Our study should be interpreted with caution and in the context of many limitations. The Heart Failure Pilot Registry was performed to collect information about chronic heart failure status in the European population. Collecting the information about concomitant diseases was a secondary aim. A major limitation is that the definition of chronic obstructive pulmonary disease was left to the investigator and was based on the knowledge of medical history or treatment used. Pulmonary function testing was not routinely performed. The data regarding COPD treatment were not recorded. Data were collected by cardiologists, and it is likely that internal medicine specialists observe a higher rate of COPD. Another major limitation is the lack of data on levels of natriuretic peptides, which are important markers of severity of HF and approved prognostic factors.
Based on our data, it seems that pulmonary function testing is necessary in diagnosing COPD, and cardiologists should consider screening for this disease in HF patients. The ESC-HF Pilot survey indicates a high standard of the rate of use of renin-angiotensin-aldosterone system blockers and β-blockers but at the same time under-dosing of them and unsatisfactory β-blocker use in HF and coexisting COPD. Further studies are needed to confirm the long-term results of β-blockers in patients with HF and COPD.

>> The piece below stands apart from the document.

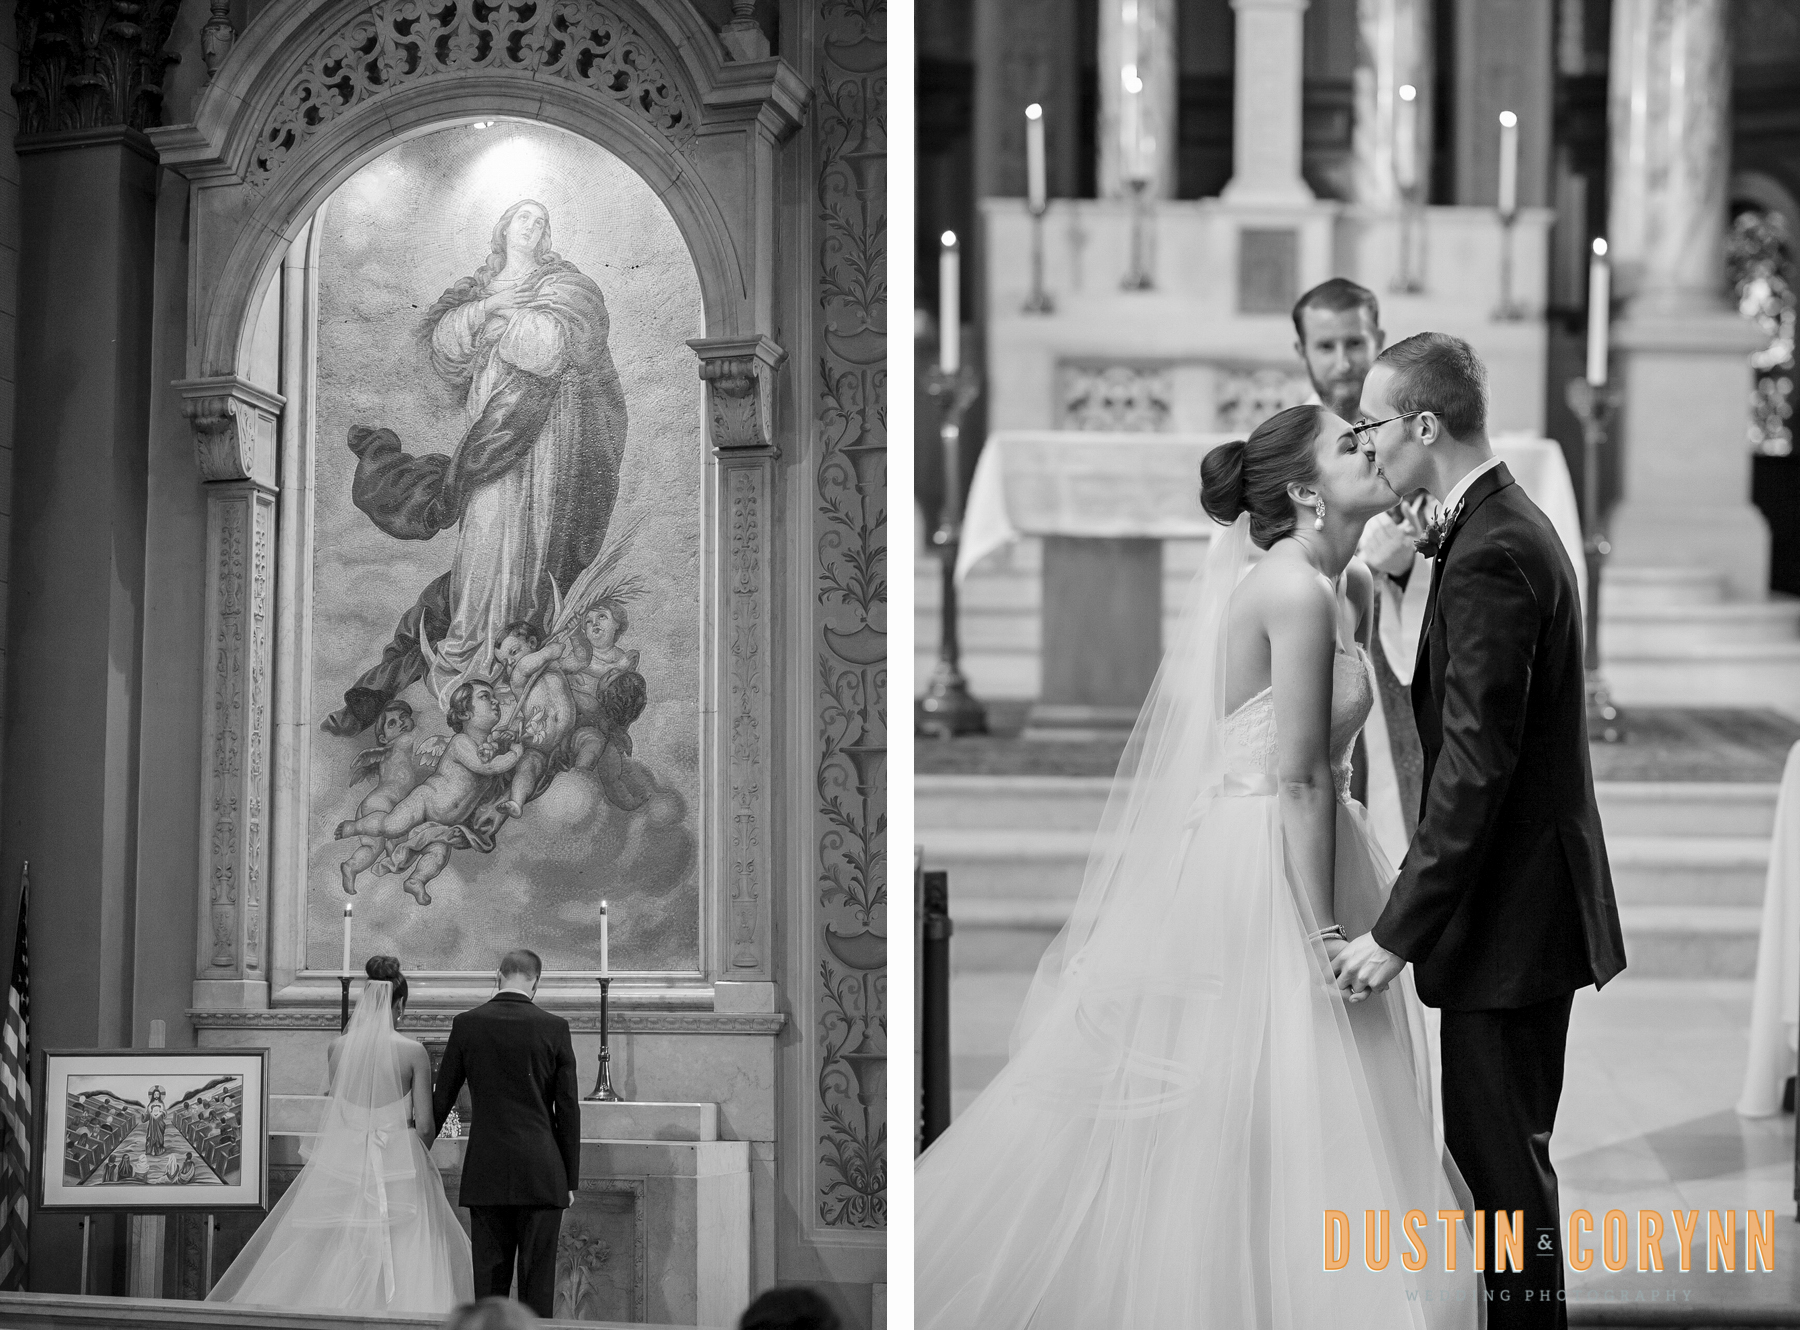 Indianapolis Photography - Dustin & Corynn Photography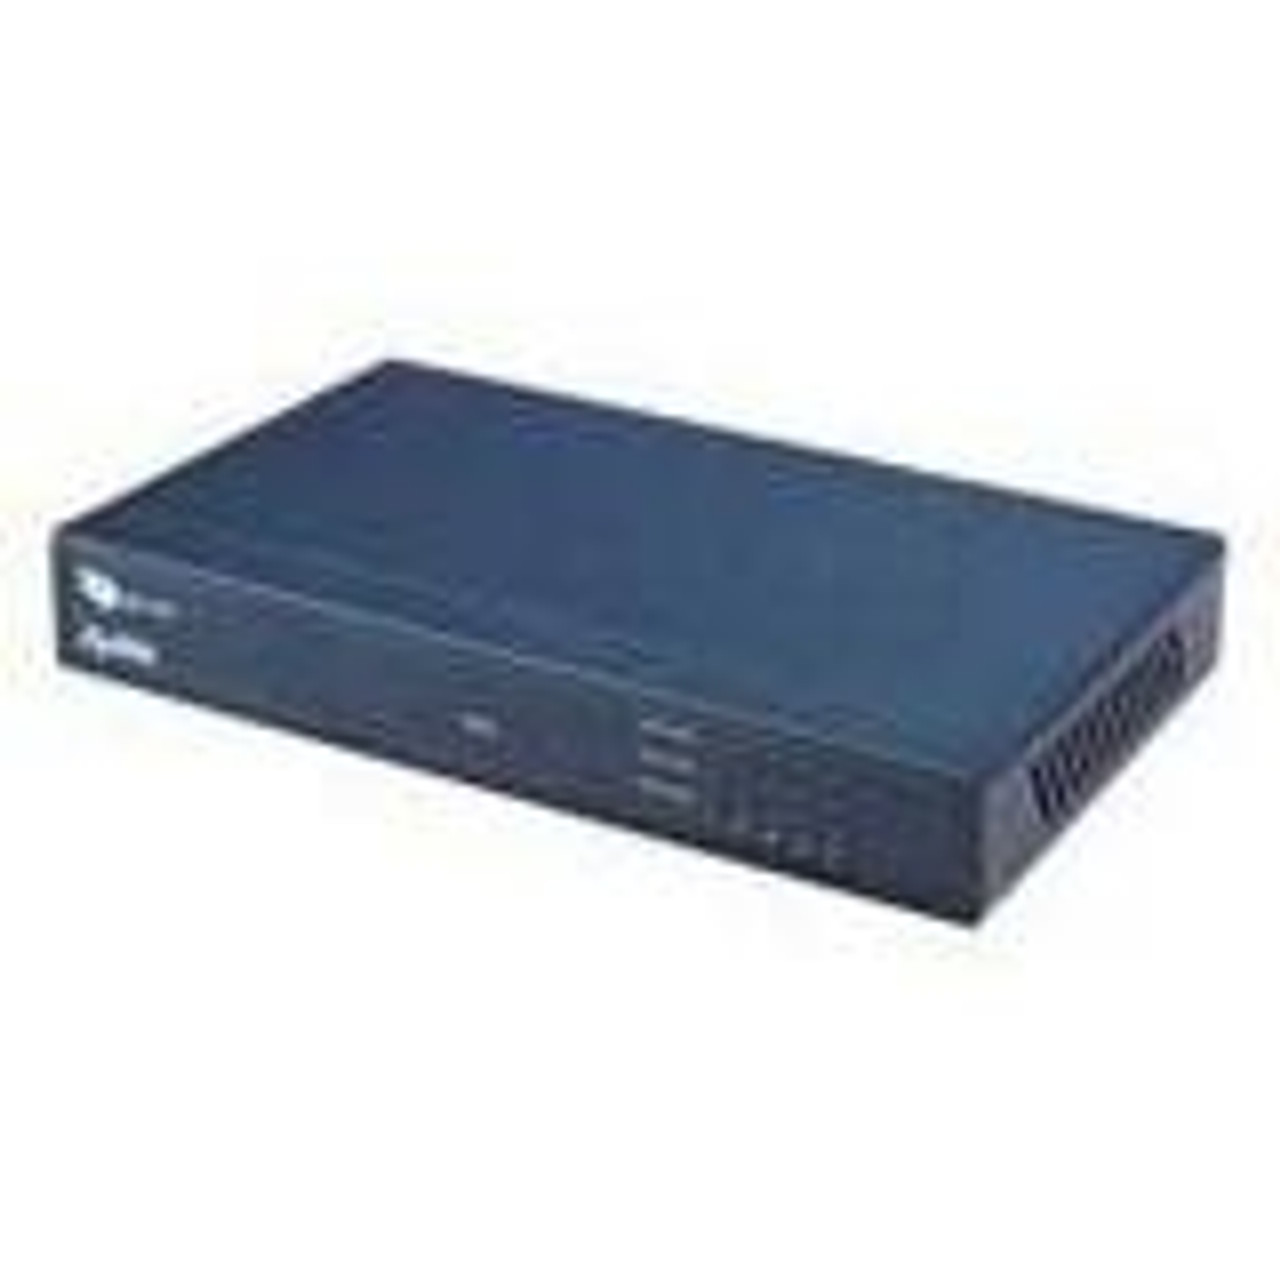 GS-105 Zyxel Dimension 5-Ports 100/1000M Workgroup Switch (Refurbished)

In conclusion, the presented study is to our best knowledge the first analysis of the Polish population of HF patients with concomitant COPD. The registry shows that the incidence of COPD in Polish patients with HF is relatively low (12.3%). The COPD in HF patients is associated with older age, worse NYHA functional class, higher incidence of hypertension and history of smoking. Use of β-blockers is largely adherent to the current guidelines, but significantly lower in patients with than without COPD and in most patients below target doses. The coexistence of HF and COPD does not influence 12-month mortality.
Conflict of interest
The authors declare no conflict of interest.